最近在看Java正则,java.util.regex包里最主要的是Pattern类和Matcher类。
pattern类的作用可以理解为将我们写的正则表达式字符串变为Java里的pattern类。
/**
* Compiles the given regular expression into a pattern with the given
* flags.
*
* @param regex
* The expression to be compiled
*
* @param flags
* Match flags, a bit mask that may include
* {@link #CASE_INSENSITIVE}, {@link #MULTILINE}, {@link #DOTALL},
* {@link #UNICODE_CASE}, {@link #CANON_EQ}, {@link #UNIX_LINES},
* {@link #LITERAL}, {@link #UNICODE_CHARACTER_CLASS}
* and {@link #COMMENTS}
*
* @return the given regular expression compiled into a pattern with the given flags
* @throws IllegalArgumentException
* If bit values other than those corresponding to the defined
* match flags are set in flags
*
* @throws PatternSyntaxException
* If the expression's syntax is invalid
*/
public static Pattern compile(String regex) {
return new Pattern(regex, 0);
}
/**
* Compiles the given regular expression into a pattern with the given
* flags.
*
* @param regex
* The expression to be compiled
*
* @param flags
* Match flags, a bit mask that may include
* {@link #CASE_INSENSITIVE}, {@link #MULTILINE}, {@link #DOTALL},
* {@link #UNICODE_CASE}, {@link #CANON_EQ}, {@link #UNIX_LINES},
* {@link #LITERAL}, {@link #UNICODE_CHARACTER_CLASS}
* and {@link #COMMENTS}
*
* @return the given regular expression compiled into a pattern with the given flags
* @throws IllegalArgumentException
* If bit values other than those corresponding to the defined
* match flags are set in flags
*
* @throws PatternSyntaxException
* If the expression's syntax is invalid
*/
public static Pattern compile(String regex, int flags) {
return new Pattern(regex, flags);
}
Pattern pattern = compile(String regex, int flag)

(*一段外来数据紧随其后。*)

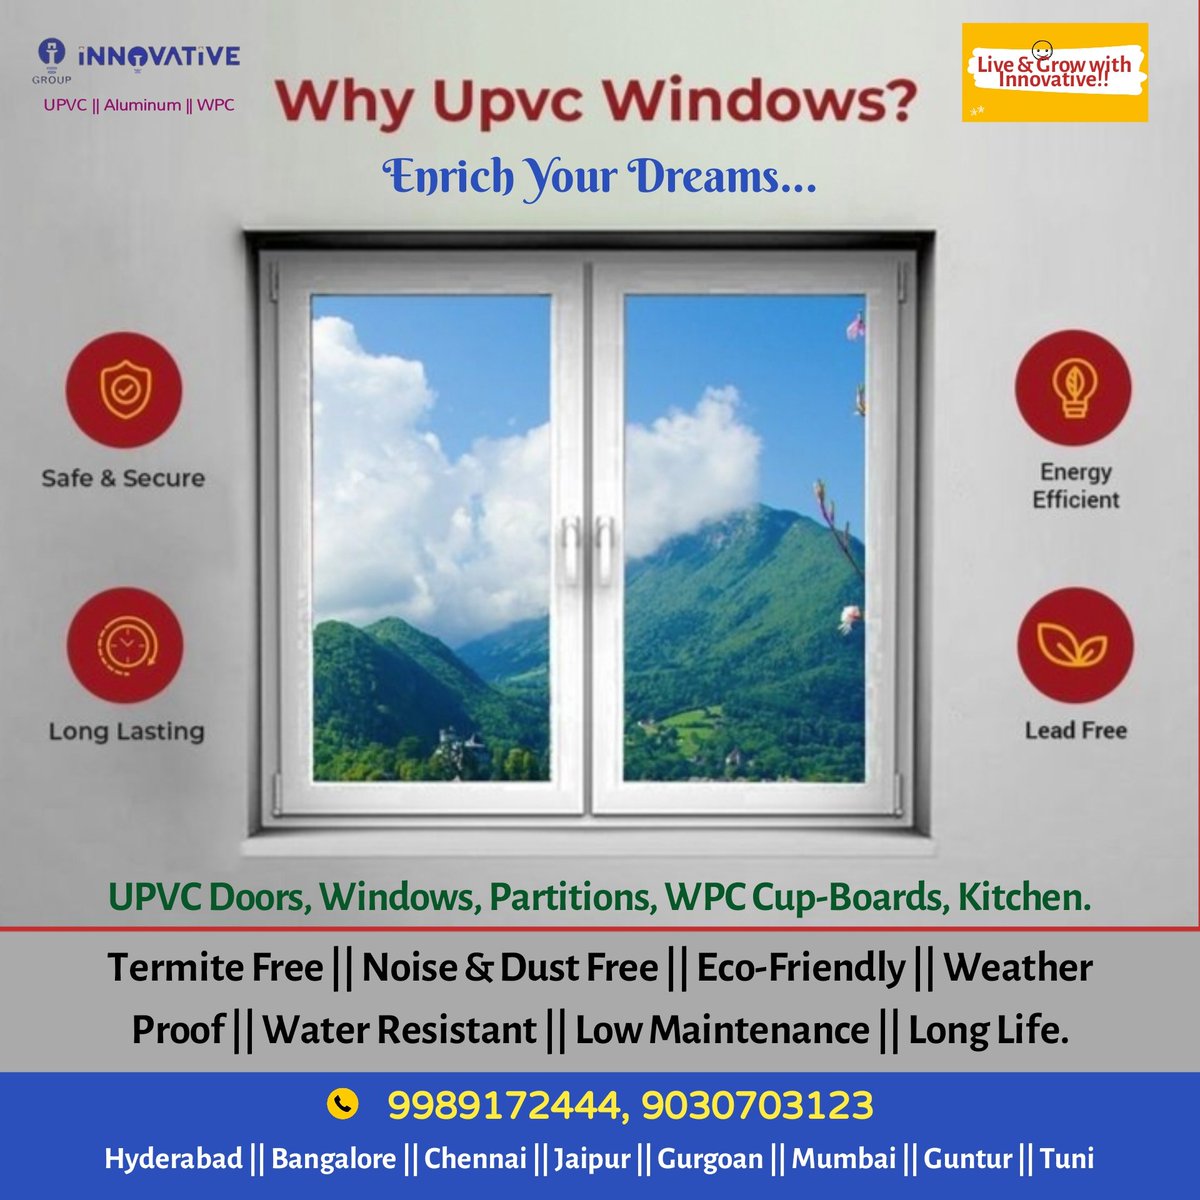 For Quality UPVC Windows & Doors, Please contact me. Ph: 9030703123.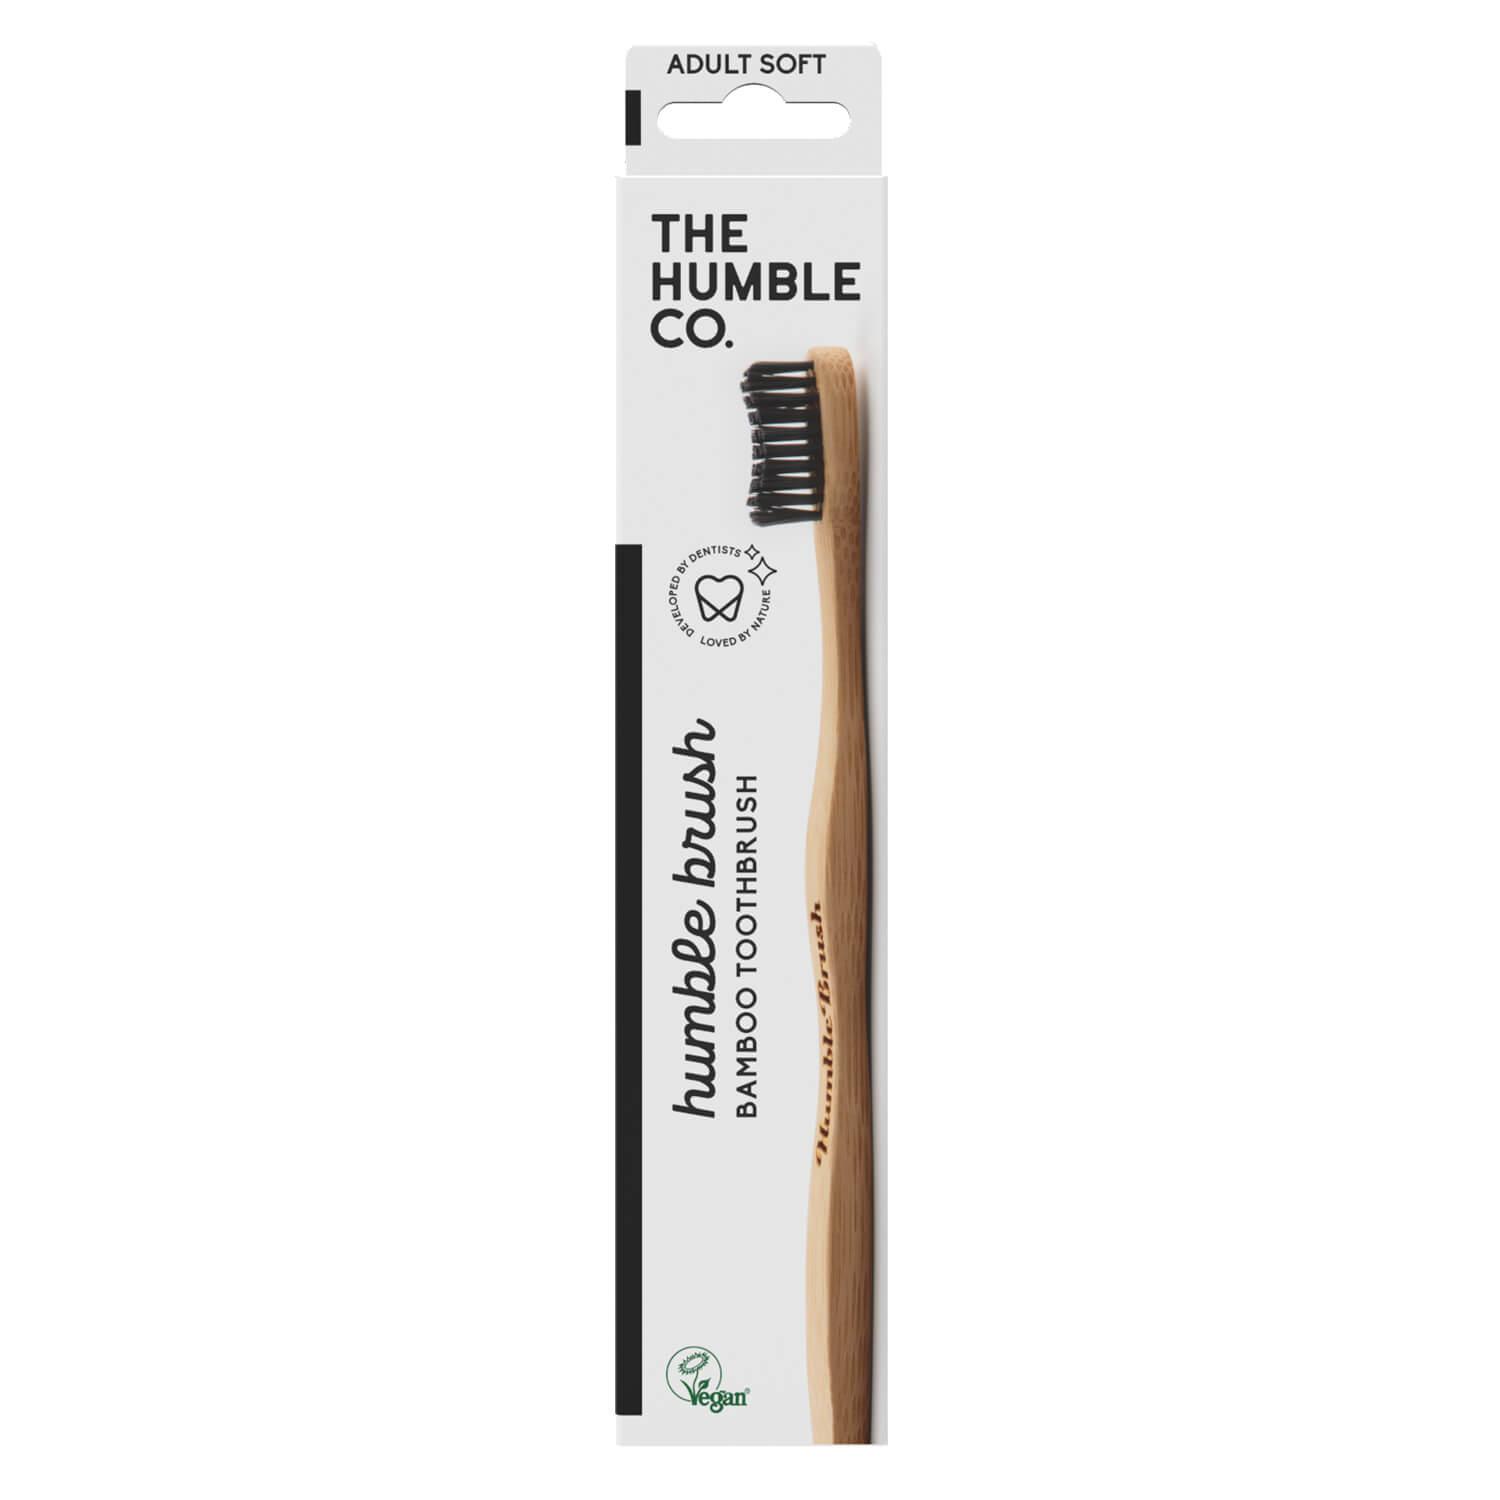 THE HUMBLE CO. - Humble Brush Toothbrush Adults Black

传入不同的flag可以控制不同的匹配行为。不同的flag对应的参数见 详情解析
/**
* Splits the given input sequence around matches of this pattern.
*
* The array returned by this method contains each substring of the
* input sequence that is terminated by another subsequence that matches
* this pattern or is terminated by the end of the input sequence. The
* substrings in the array are in the order in which they occur in the
* input. If this pattern does not match any subsequence of the input then
* the resulting array has just one element, namely the input sequence in
* string form.
*
*
When there is a positive-width match at the beginning of the input
* sequence then an empty leading substring is included at the beginning
* of the resulting array. A zero-width match at the beginning however
* never produces such empty leading substring.
*
*
The limit parameter controls the number of times the
* pattern is applied and therefore affects the length of the resulting
* array. If the limit n is greater than zero then the pattern
* will be applied at most n - 1 times, the array's
* length will be no greater than n, and the array's last entry
* will contain all input beyond the last matched delimiter. If n
* is non-positive then the pattern will be applied as many times as
* possible and the array can have any length. If n is zero then
* the pattern will be applied as many times as possible, the array can
* have any length, and trailing empty strings will be discarded.
*
*
The input "boo:and:foo", for example, yields the following
* results with these parameters:
*
*
* Regex
* Limit
* Result
* :
* 2
* { "boo", "and:foo" }
* :
* 5
* { "boo", "and", "foo" }
* :
* -2
* { "boo", "and", "foo" }
* o
* 5
* { "b", "", ":and:f", "", "" }
* o
* -2
* { "b", "", ":and:f", "", "" }
* o
* 0
* { "b", "", ":and:f" }
*
*
* @param input
* The character sequence to be split
*
* @param limit
* The result threshold, as described above
*
* @return The array of strings computed by splitting the input
* around matches of this pattern
*/
public String[] split(CharSequence input, int limit) {
int index = 0;
boolean matchLimited = limit > 0;
ArrayList matchList = new ArrayList<>();
Matcher m = matcher(input);
// Add segments before each match found
while(m.find()) {
if (!matchLimited || matchList.size() < limit - 1) {
if (index == 0 && index == m.start() && m.start() == m.end()) {
// no empty leading substring included for zero-width match
// at the beginning of the input char sequence.
continue;
}
String match = input.subSequence(index, m.start()).toString();
matchList.add(match);
index = m.end();
} else if (matchList.size() == limit - 1) { // last one
String match = input.subSequence(index,
input.length()).toString();
matchList.add(match);
index = m.end();
}
}
// If no match was found, return this
if (index == 0)
return new String[] {input.toString()};
// Add remaining segment
if (!matchLimited || matchList.size() < limit)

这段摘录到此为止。